Hanging startup process on the replica after vacuuming on master

From: Vladimir Borodin <root(at)simply(dot)name>
To: pgsql-admin <pgsql-admin(at)postgresql(dot)org>
Subject: Hanging startup process on the replica after vacuuming on master
Date: 2015-03-25 16:32:01
Message-ID: FE82A9A7-0D52-41B5-A9ED-967F6927CB8A@simply.name
Views: Raw Message | Whole Thread | Download mbox | Resend email
Thread:
Lists: pgsql-admin

Hi all.

We have already described [0] our problem on pgsql-general@ and written to pgsql-performance@ but the problem was described too confused so let me ask for help one for time in more clear way.

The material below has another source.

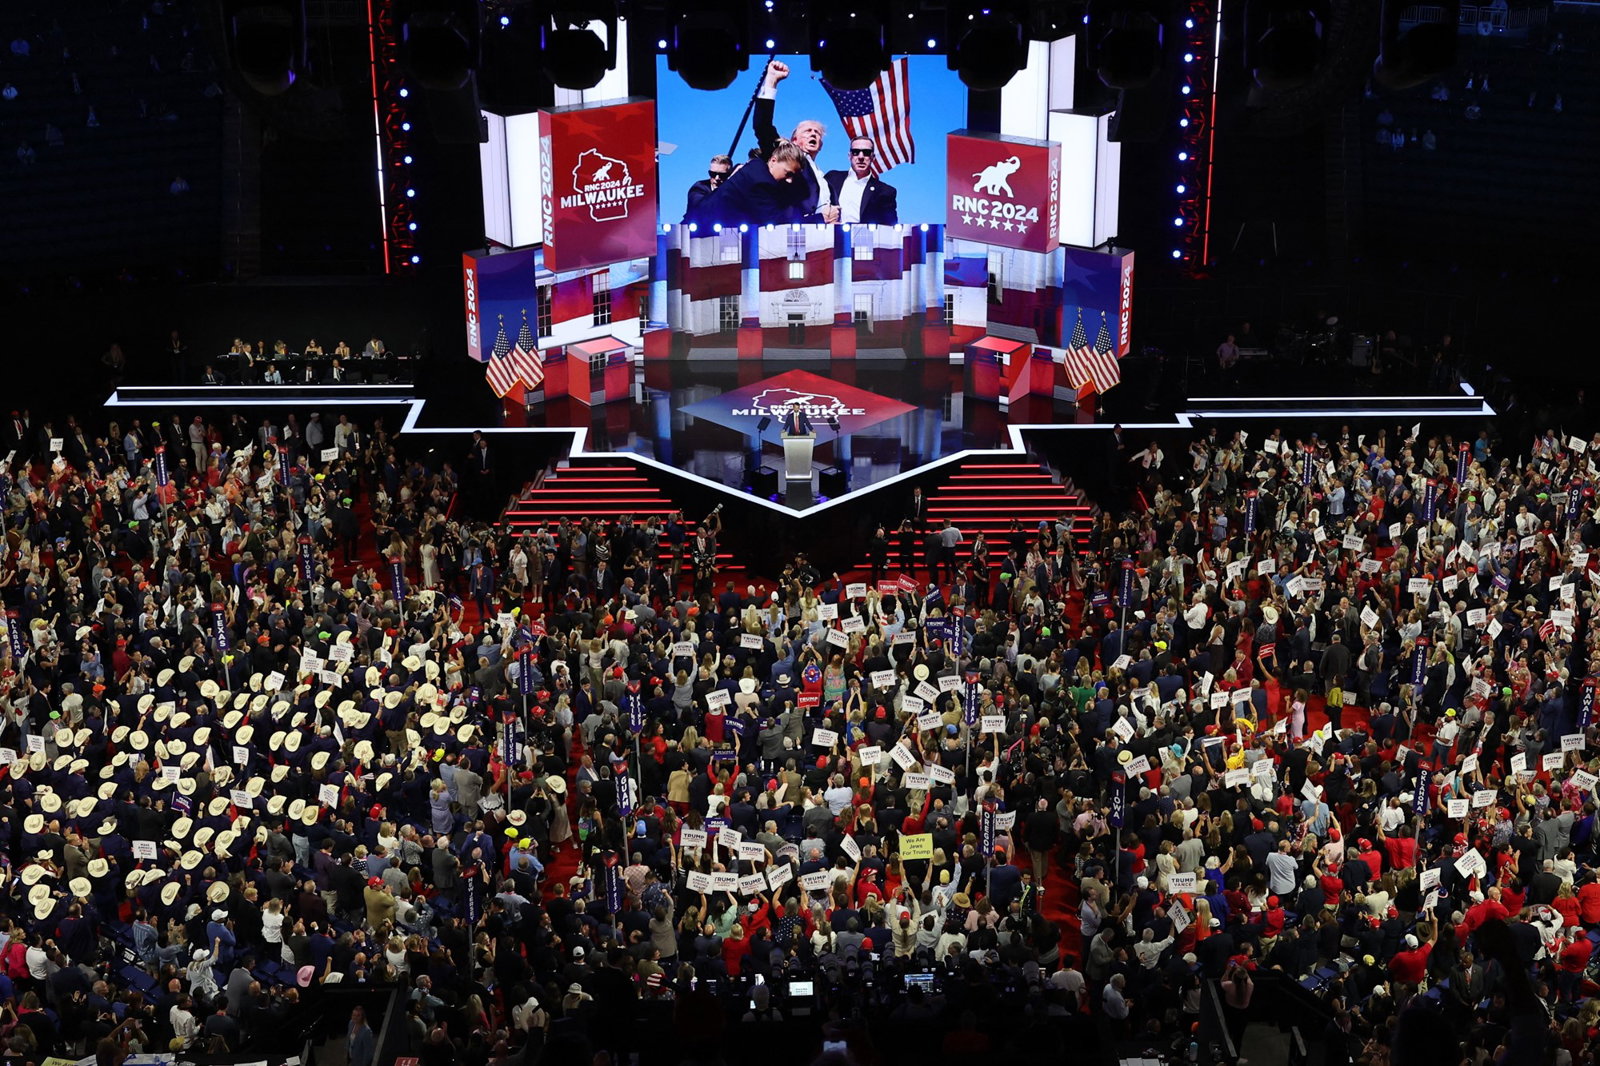 A shot of a large crowd inside a stadium looking to a stage with a photo of Donald Trump raising a fist

We have a database where one table contains 3+ billion records. The definition of the table is quite simple:

rpopdb04d/rpopdb M # \dS+ rpop.rpop_uidl
Table "rpop.rpop_uidl"
Column | Type | Modifiers | Storage | Stats target | Description
--------+------------------------+-----------+----------+--------------+-------------
popid | bigint | not null | plain | |
uidl | character varying(200) | not null | extended | |
Indexes:
"pk_rpop_uidl" PRIMARY KEY, btree (popid, uidl)

rpopdb04d/rpopdb M #

When vacuuming of this table finishes on master we see hanging of replay_location on all replicas on specific WAL position for up to 15 minutes. Other positions (sent_location, write_location, flush_location) in pg_stat_replication view continue increasing as expected.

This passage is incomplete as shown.